Chicken Cutlets with Olives and Tomatoes




Chicken Cutlets with Olives and Tomatoes (Paleo)
1.5-2 LB boneless, skinless chicken breasts
Extra Virgin Olive Oil
1 lemon, juiced
1/4 - 1/2 tsp. sea salt (optional)
1/4 tsp. freshly ground pepper
6 garlic cloves, chopped
1 large onion, chopped
28 oz. can plum tomatoes, drained & chopped
18 black olives, drained, pitted & chopped (1/2 can)
3 Tbsp. fresh parsley, chopped fine & divided
2 tsp. fresh thyme, chopped

Marinate the chicken in 2 Tbsp. olive oil, the lemon juice, sea salt and pepper for 30-60 minutes, turning often. Preheat the oven to 375 degrees.

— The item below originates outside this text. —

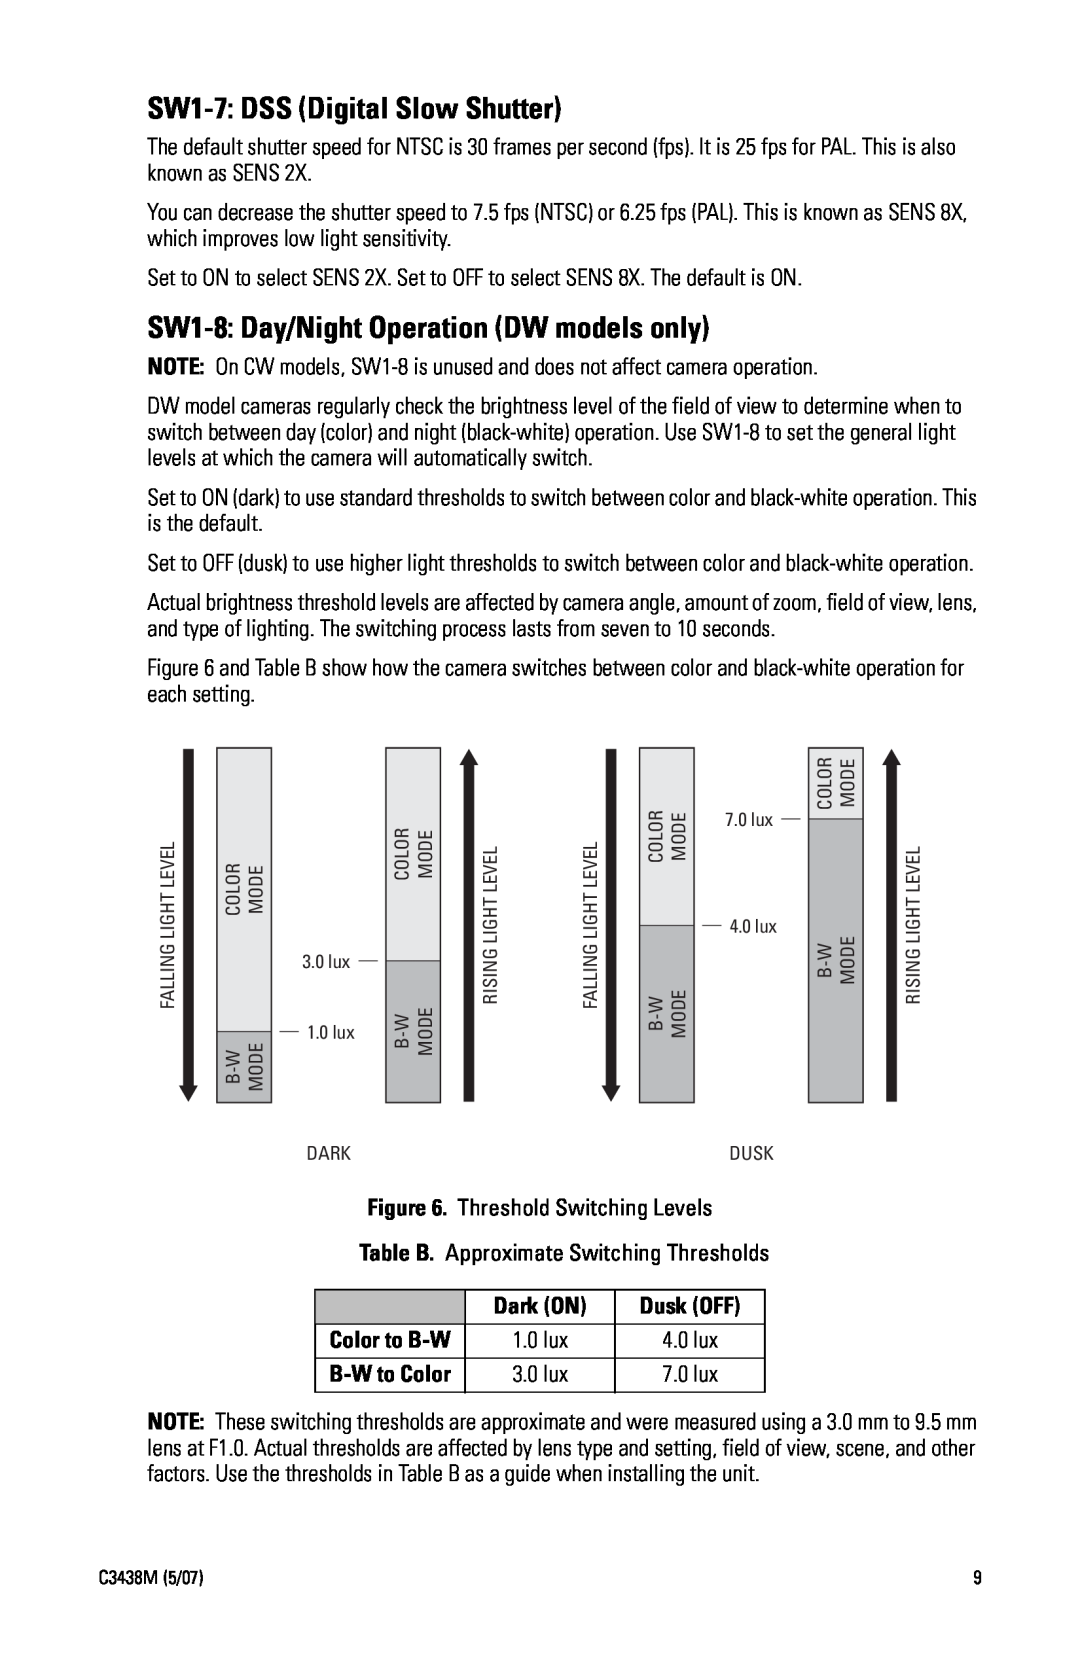 Pelco IS110, IS150 manual SW1-7 DSS Digital Slow Shutter, SW1-8 Day/Night Operation DW models only, Dark ON, Dusk OFF

In a large skillet, sauté the garlic and onions in the remaining olive oil. Add the tomatoes and olives, and sauté for 15 minutes, uncovered, stirring often. Add 1 Tbsp. parsley and thyme, stirring to combine.

Place the chicken breasts in an oven-proof baking dish. Cover with the sautéed mixture and sprinkle with remaining parsley. Cover and bake for 35-40 minutes, or until brown.